Deferred from Phase 1
- [ ] Validate symbol identity across re‑index runs
- [ ] Support multi‑workspace indexing
Provenance Metadata
- [ ] Attach provenance metadata to results
- [ ] Mark origin: clangd / AST / graph / heuristic
- [ ] Return exact file:line:column locations
- [ ] Introduce confidence levels:
- exact
- high‑confidence
- inferred
- speculative
Build Context Awareness
- [ ] Track compile flags per file
- [ ] Track macro environments
- [ ] Track platform/build variants
- [ ] Detect symbols hidden behind defines
Parse Context Reporting
- [ ] Track files failing AST generation
- [ ] Report incomplete analysis conditions
Phase 3 — Build Reality Modeling
Goal: reflect the actual compilation environment.
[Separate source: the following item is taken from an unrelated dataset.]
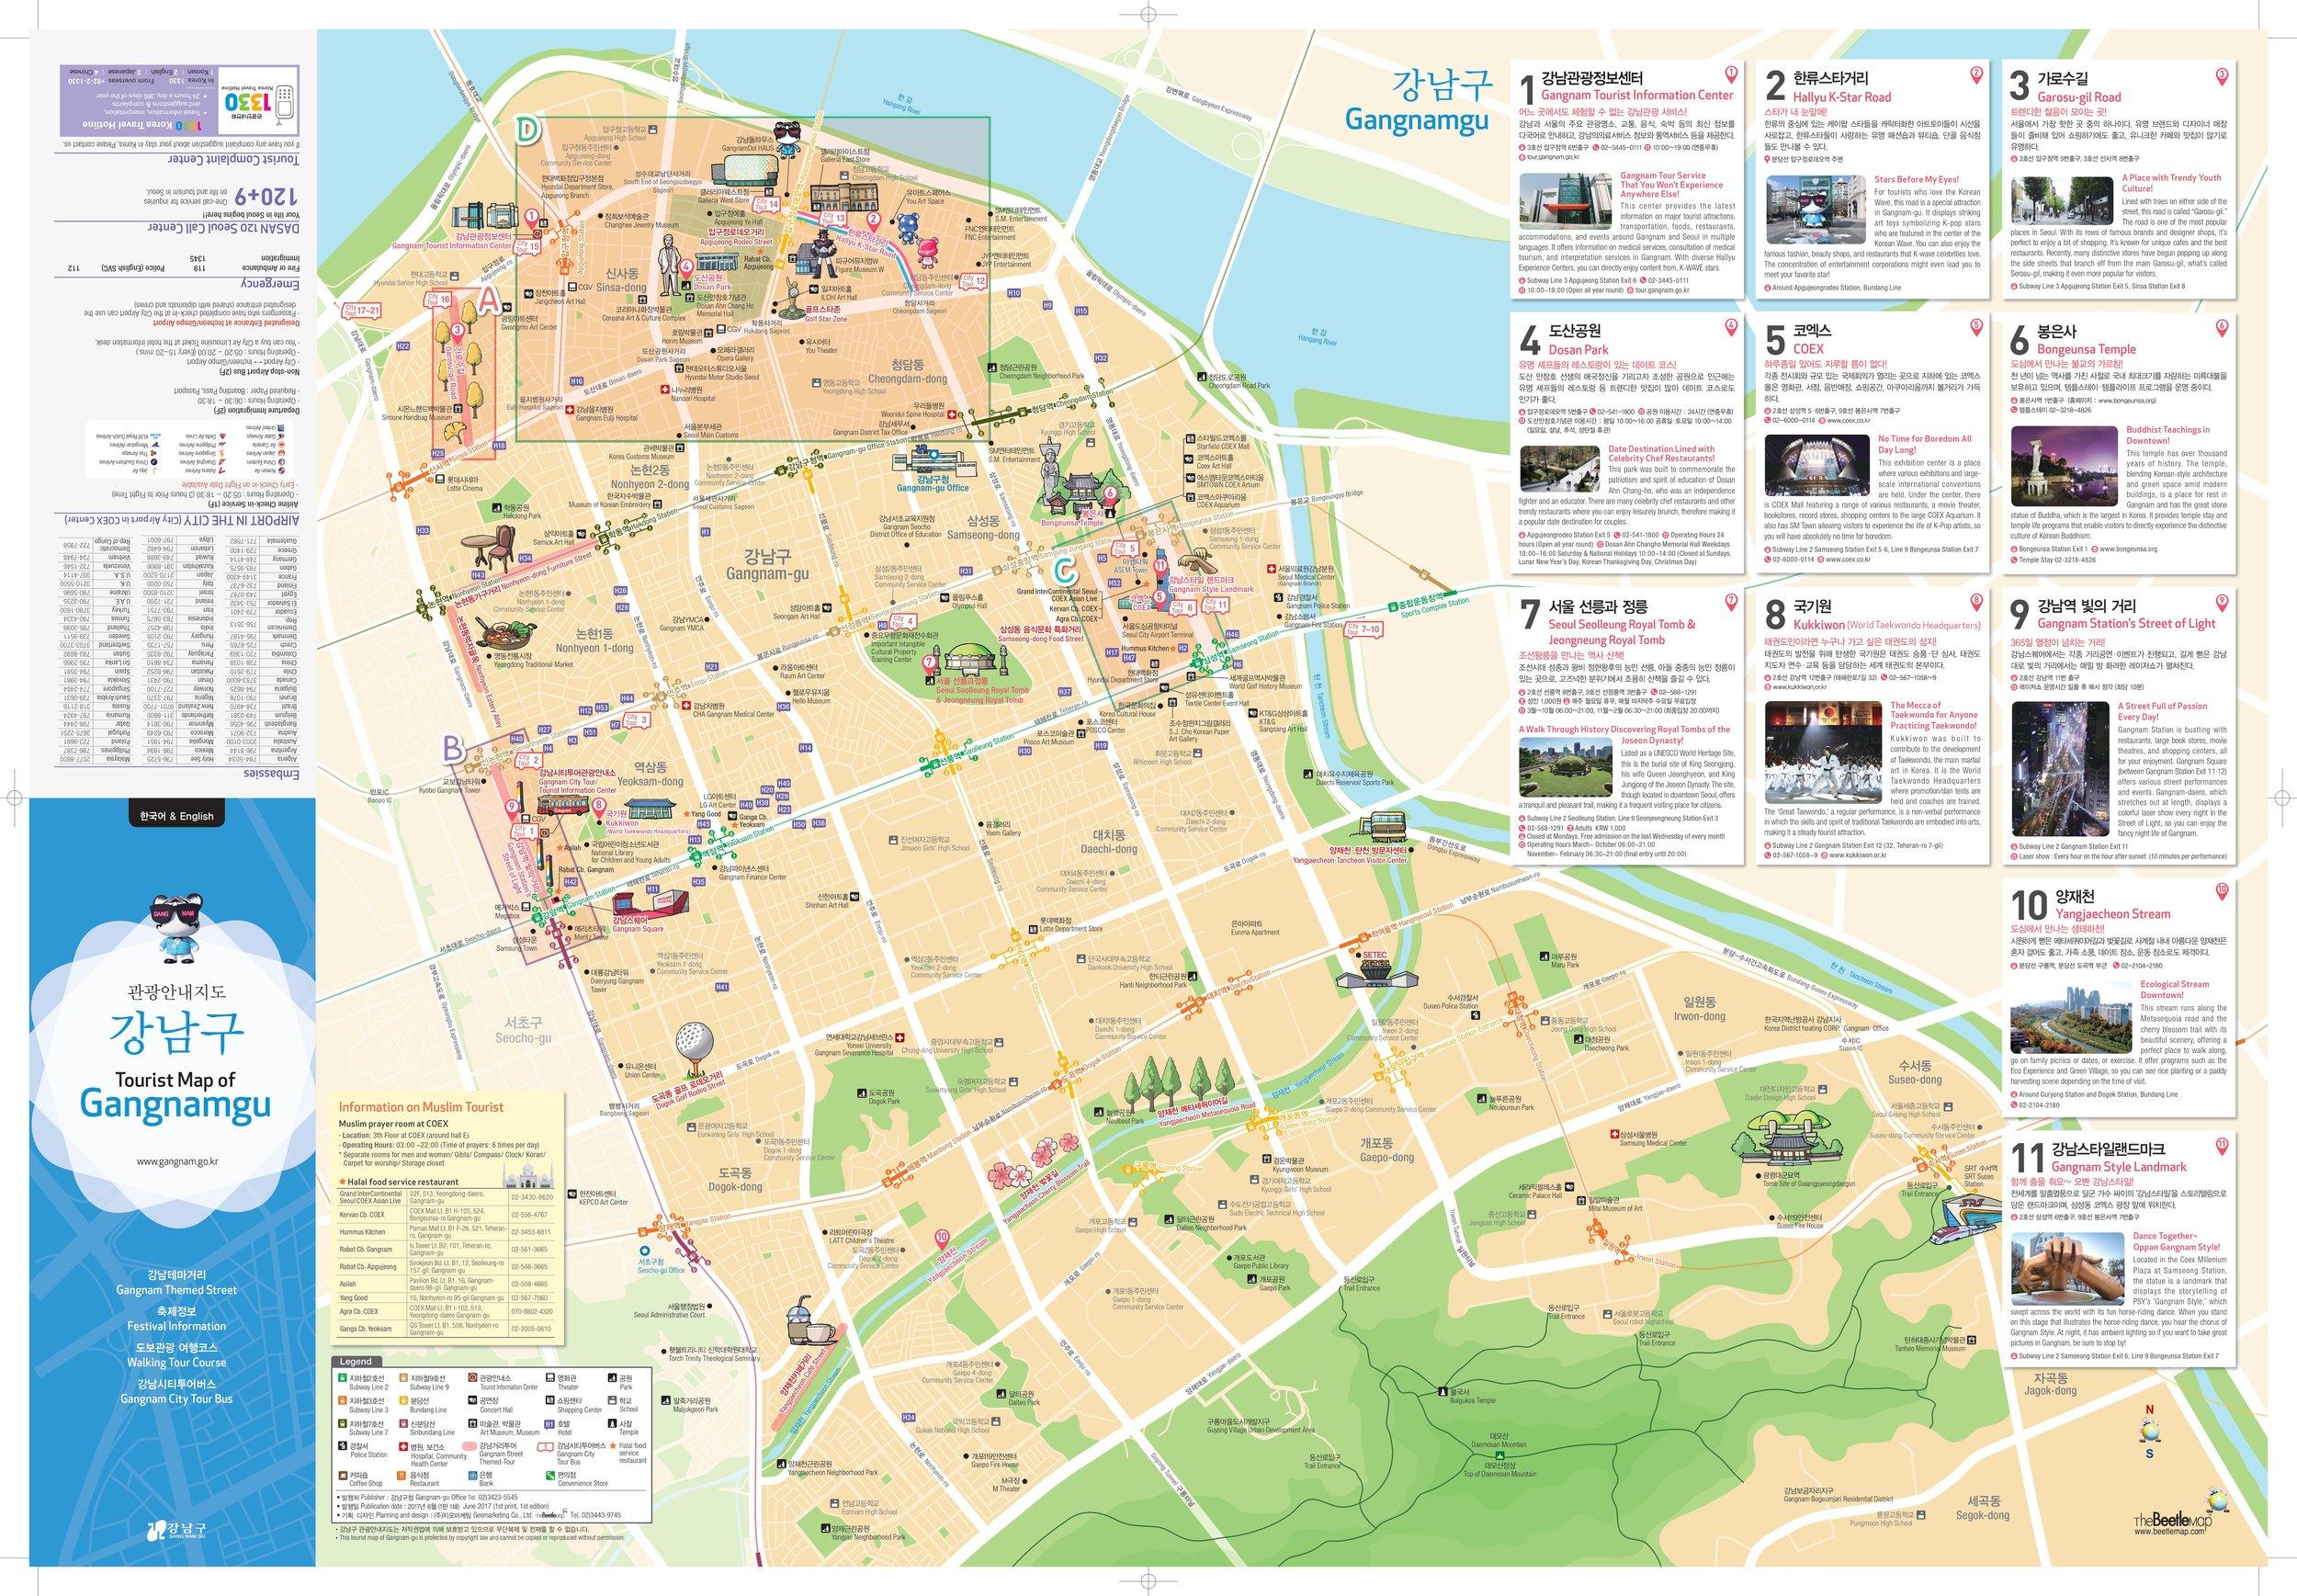 Tourist Map of Gangnam
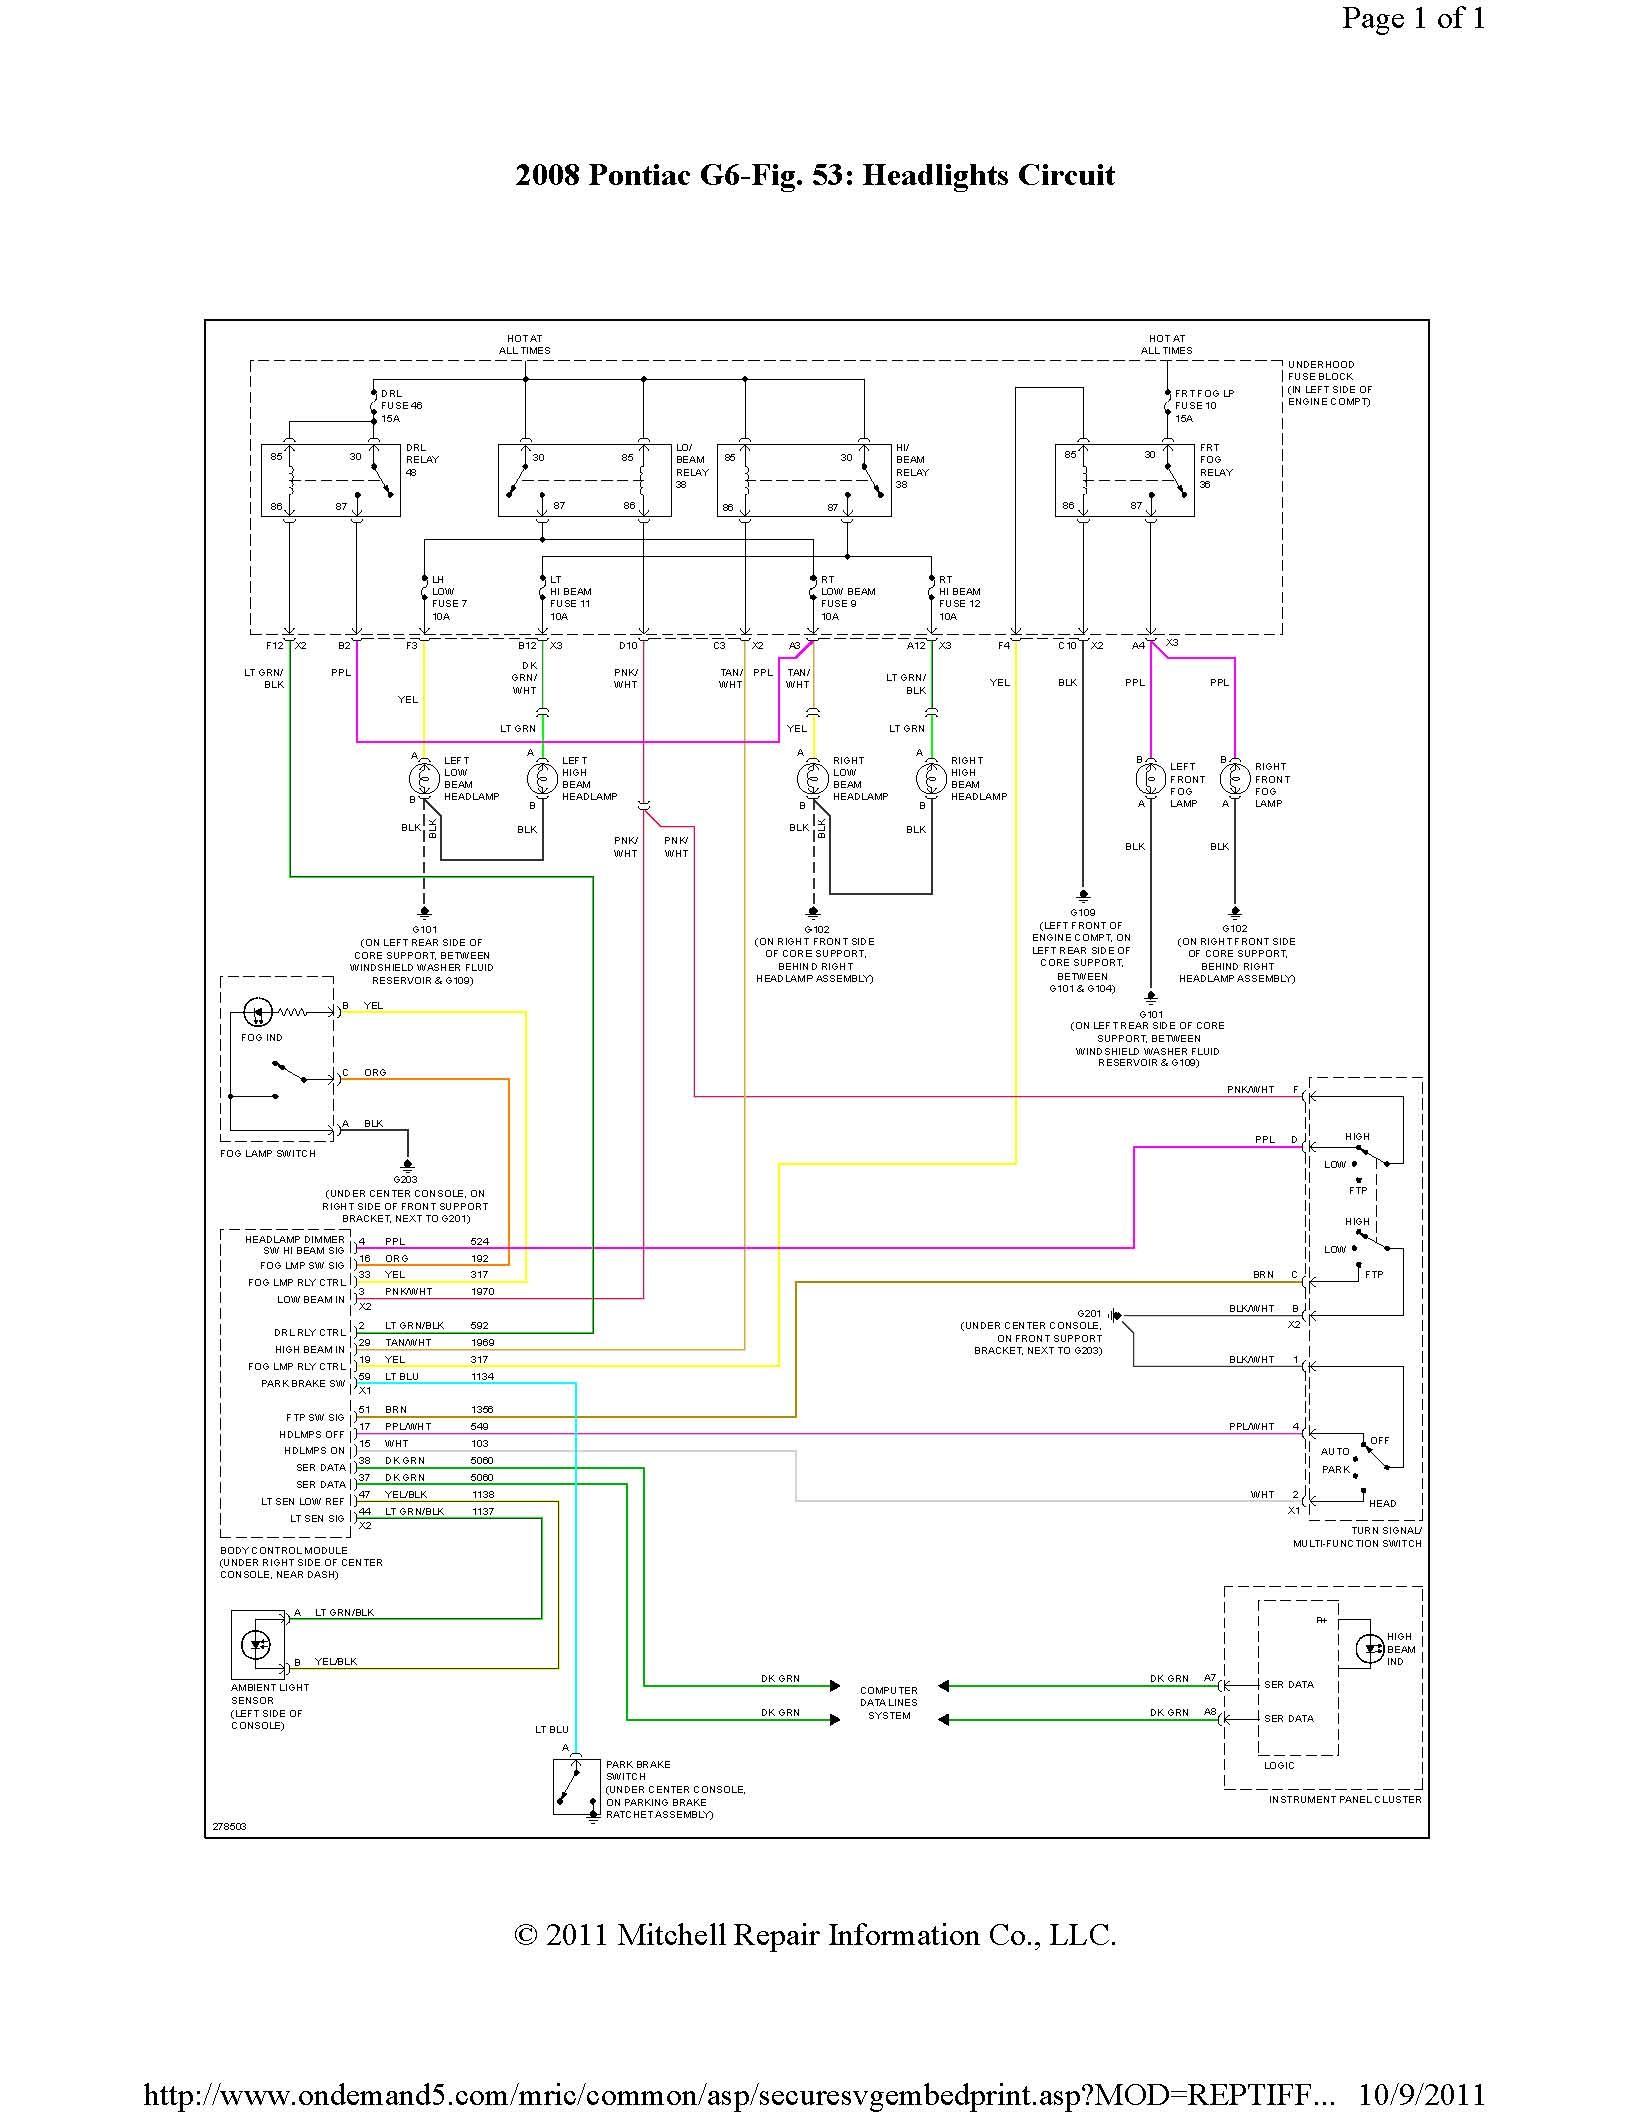 wiring diagram for 2006 pontiac g6 | wiring diagram outgive  tenutasantelisabetta.it

- [ ] Persist compile_commands in DB
- [ ] Model file → compile flag mapping
- [ ] Track include search paths
Tools
- [ ]
cpp.build_explain - [ ]
cpp.include_explain - [ ]
cpp.macro_explain
Example:
Symbol active because:
- BUILD_TARGET=Linux
- FEATURE_X enabled
- included via foo.hpp → bar.hpp
Phase 4 — Change Impact Engine
Goal: allow agents to safely modify code.
- [ ] Build symbol dependency graph
- [ ] Track callers / callees
- [ ] Track type dependencies
- [ ] Track inheritance relationships
Query
- [ ]
change.impact(symbol)
Returns:
- directly affected symbols
- downstream call chains
- impacted files
- impacted modules
Risk Ranking
- [ ] Rank breakage probability
- [ ] Highlight API boundaries
- [ ] Highlight template propagation
Phase 5 — Flow & Effect Analysis (Key Differentiator)
Goal: understand how data and effects propagate through the system.
Call Path Discovery
- [ ] Identify shortest call paths
- [ ] Identify high‑frequency call paths
- [ ] Detect likely entry points
Flow Summaries
- [ ]
flow_summary(symbol)
Example:
ButtonClick → UIHandler::StartScan → ScanController::Run → MotionPlanner::Execute
Effect Summaries
- [ ]
effect_summary(symbol)
Classify effects:
- IO
- hardware interaction
- memory mutation
- state transitions
Phase 6 — Agent‑Optimized Output
Goal: return minimal safe context for coding agents.
Context Packing
- [ ]
cpp.context_pack(symbol)
Include:
- symbol definition
- key callers
- related types
- compile environment
- change risk factors
Ranking
- [ ] Rank references by importance
- [ ] Rank files by change risk
- [ ] Rank call paths by likelihood
Token Budget Awareness
- [ ] Configurable token limits
- [ ] Prefer highest‑value nodes
Phase 7 — Performance & Scalability
Goal: support large industrial C++ codebases.
- [ ] Validate 100k+ symbol projects
- [ ] Validate 10k+ file repositories
- [ ] Track memory usage
Index Performance
- [ ] Parallel indexing
- [ ] Lazy extraction
- [ ] Query caching
DB Optimization
- [ ] SQLite query tuning
- [ ] Precomputed graph tables
Phase 8 — Benchmarks & Validation
Goal: prove agents perform better using mcp‑sidecar.
Developer Tasks
Benchmark:
- [ ] Trace behavior from UI event
- [ ] Trace hardware interaction path
- [ ] Safely rename a function
- [ ] Remove unused include
- [ ] Identify API boundaries
Measure:
- steps required
- tokens consumed
- correctness
Agent Comparison
Compare:
Agent + grep
Agent + embeddings
Agent + mcp‑sidecar
Phase 9 — Documentation & Examples
- [ ] Example refactor workflow
- [ ] Example debugging workflow
- [ ] Example API exploration
Tutorials
- [ ] Setup guide
- [ ] MCP integration guide
- [ ] Tool usage examples
Long‑Term Vision
mcp‑sidecar becomes a build‑aware fact engine for codebases that AI agents can trust.
Not just:
symbol search
But:
a system that explains how the software actually works.